When ready to assemble the pie, reheat the meat to room temperature if refrigerated before filling the bottom pie crust. 

Pie Dough

This recipe calls for baking powder, which is a bit unusual for a pie dough recipe, but promotes flakiness. Vegetable shortening is preferred over butter since it is neutral and does not interfere with the taste of the pork. The amount of water required to bring the dough together varies according to the existing moisture content of the flour. Add only what is necessary to form the dough into a ball.

Ingredients

2 1/4 cups (280 grams) all-purpose flour, plus more for rolling

3/4 teaspoon salt

1/2 teaspoon baking powder

1/2 cup + 2 tablespoons vegetable shortening, cut into small cubes

6 to 10 tablespoons water

1 beaten egg for glazing

Preparation

Place the flour, salt, and baking powder in a large bowl and mix well. Add the vegetable shortening to the flour and cut it with a pastry cutter or two knives until the fat pieces are pea-size and evenly distributed. 

Make a well in the center of the flour/fat mixture. Add the water, 1 tablespoon at a time, and mix gently with two forks, lifting and gathering the mixture until it is mostly holding together. Do not overmix.

Gather the dough. Divide into two portions, one slightly larger than the other. Form each portion into a disk. Wrap in plastic film and refrigerate for 30 minutes, or until well chilled, before rolling.

Assembling the Pie

Set the oven rack to the second-lowest position. Preheat the oven to 400⁰F.

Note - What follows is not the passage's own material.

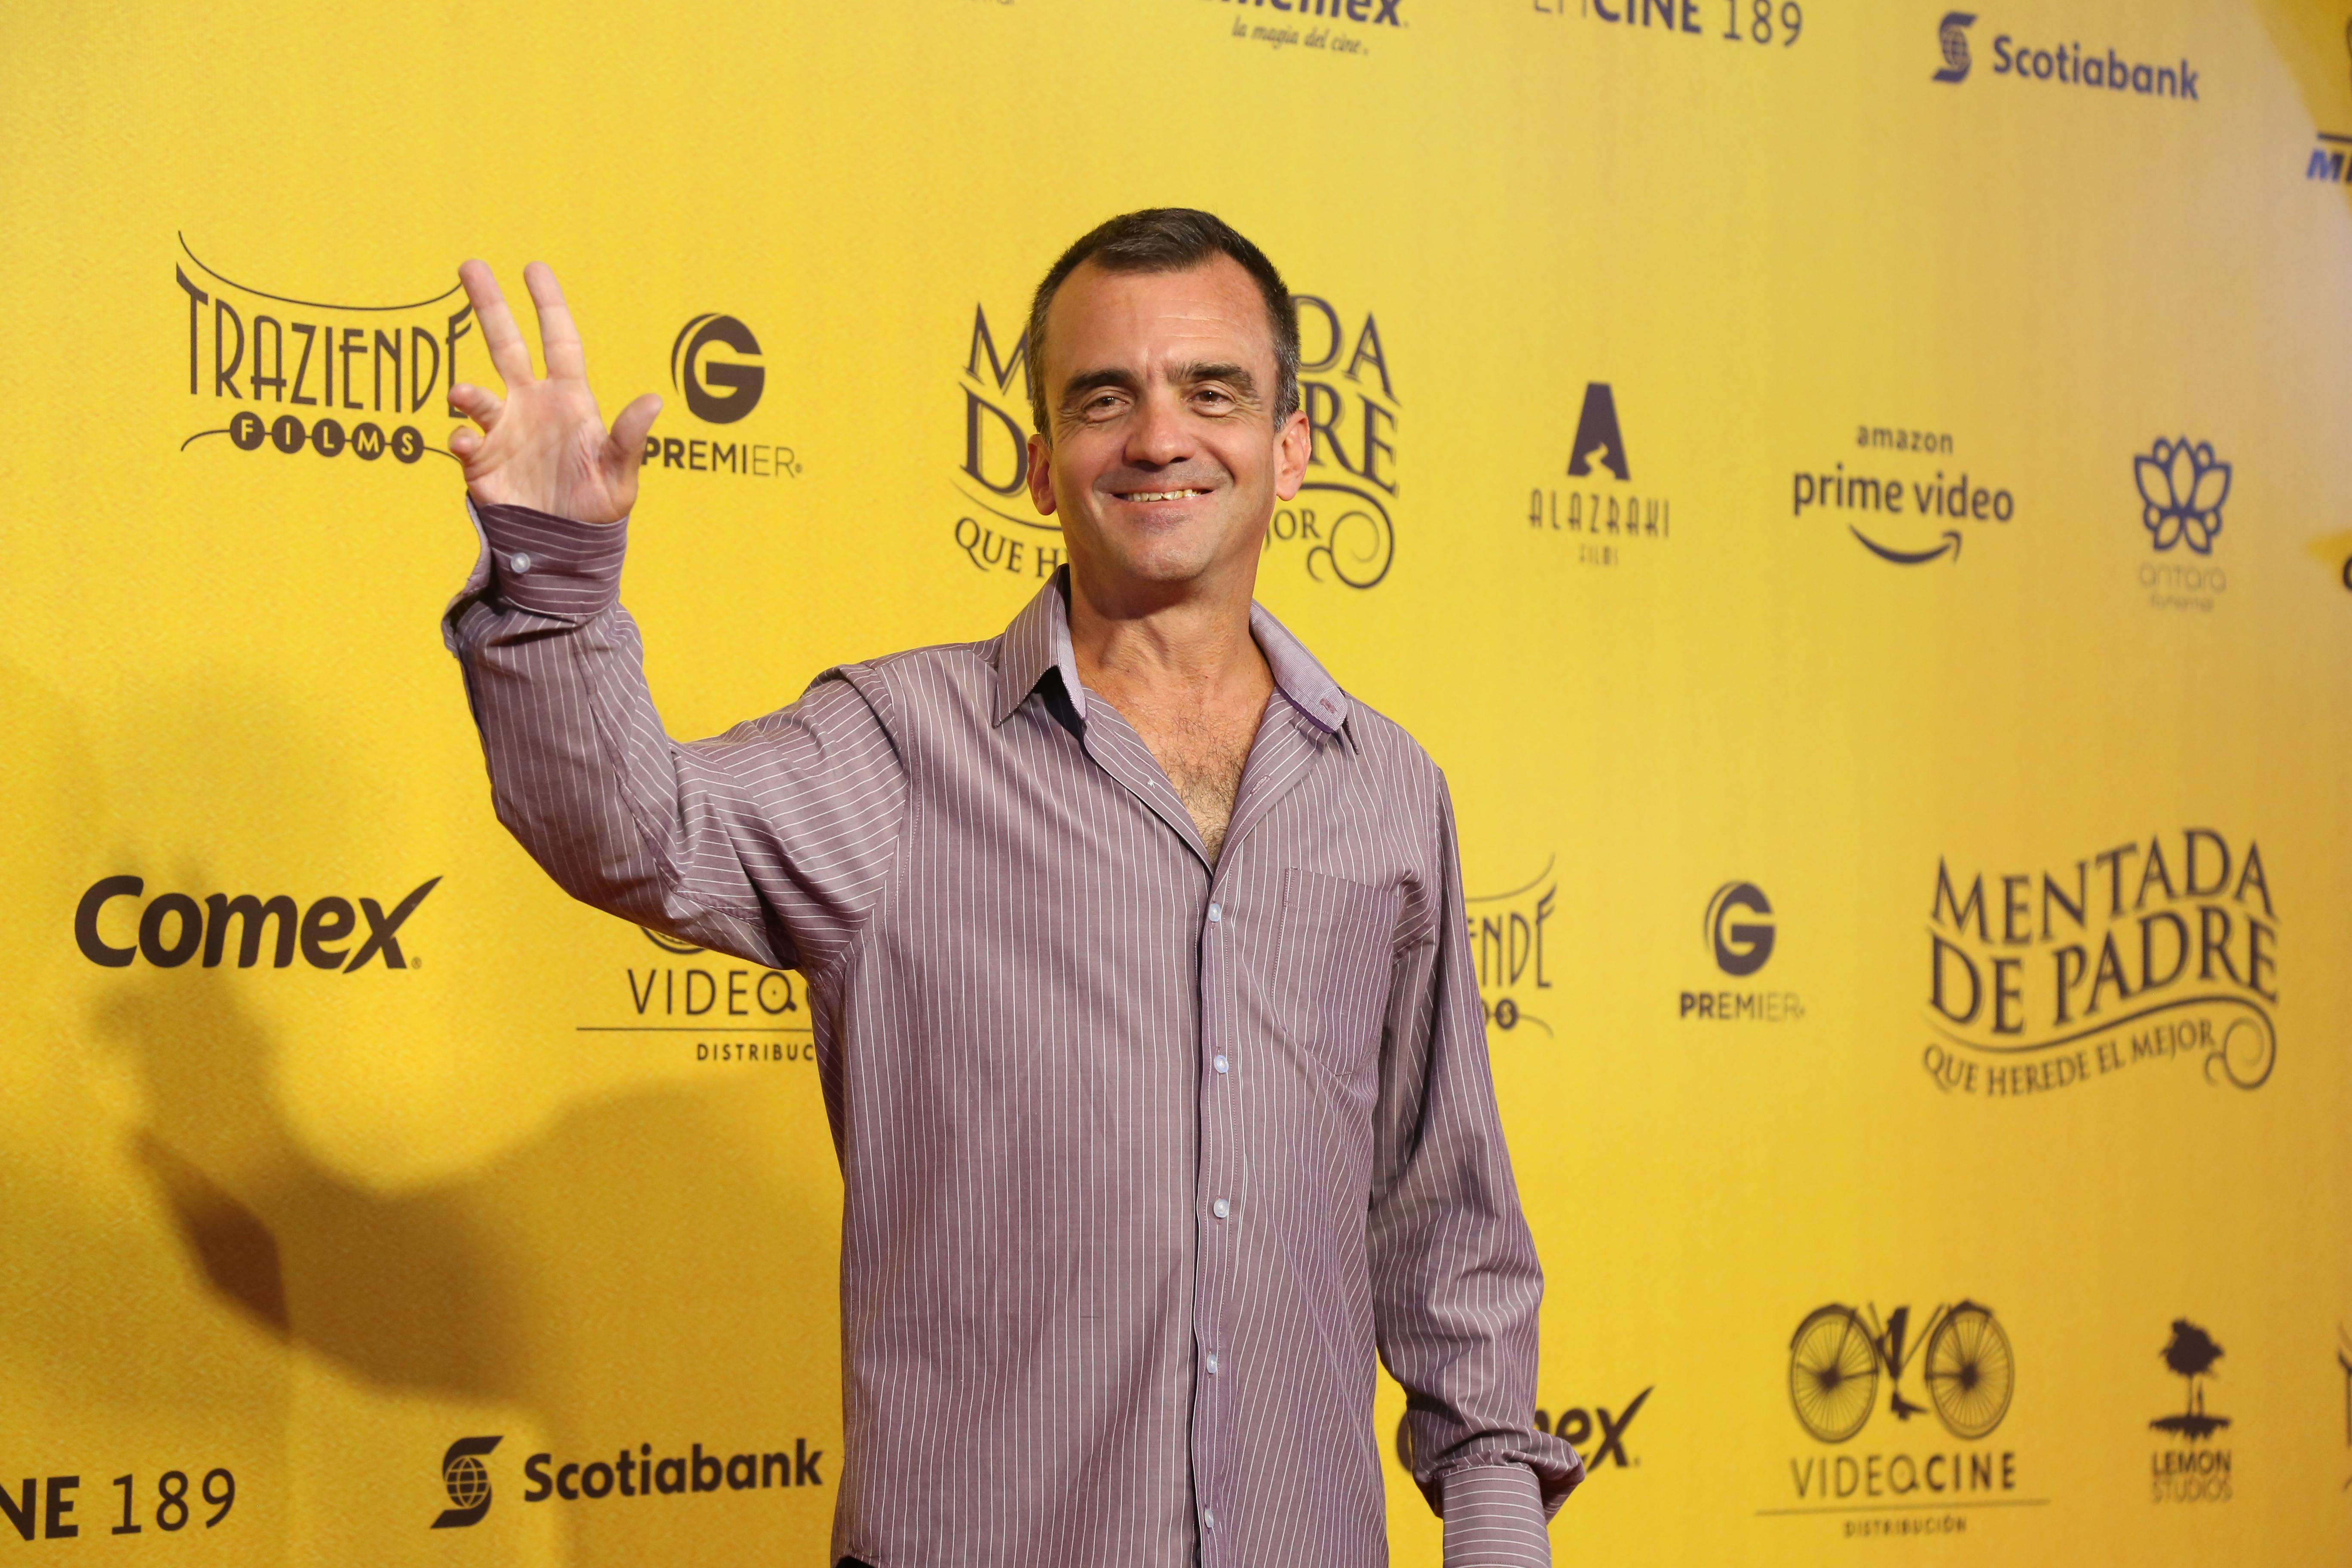 Carlos Arau

Sprinkle the work surface and the rolling pin with flour. Roll the larger disk of dough into an even-thickness circle, large enough to take into account the depth of the pie plate and using enough flour on the work surface and the rolling pin to prevent sticking. Fold in half, place on the pie plate, and unfold. Fit the dough neatly into the plate. Trim the excess around the rim with a knife.

Roll the second disk using the same technique. This time, roll the dough so that it exceeds the diameter of the pie plate by one inch or so. Fill the bottom of the pie with the pork filling. Dab the rim of the pie bottom with water to allow the top to adhere during baking. Fold the top crust in half and place onto the pie.

Trim excess dough at the rim to one-half inch. Fold it under the bottom crust. Press the rim and flute as desired. Make a hole in the center of the pie crust to allow for the steam to escape during baking.

With the leftover trimmings, cut decorations and apply to the top crust, as desired.

Brush the top crust evenly with the beaten egg.

Bake at 400⁰ for 15 minutes. Reduce the heat to 350⁰F, and bake an additional 20 to 30 minutes, or until golden. Let cool for a few minutes before serving.

Yield: 1 pie, 4 to 6 servings.

Tip: The pie can be frozen. Thaw in the refrigerator the day before you wish to eat it. Reheat on the middle rack in a 350⁰F oven for 30 minutes, or until a knife inserted in the middle comes out warm.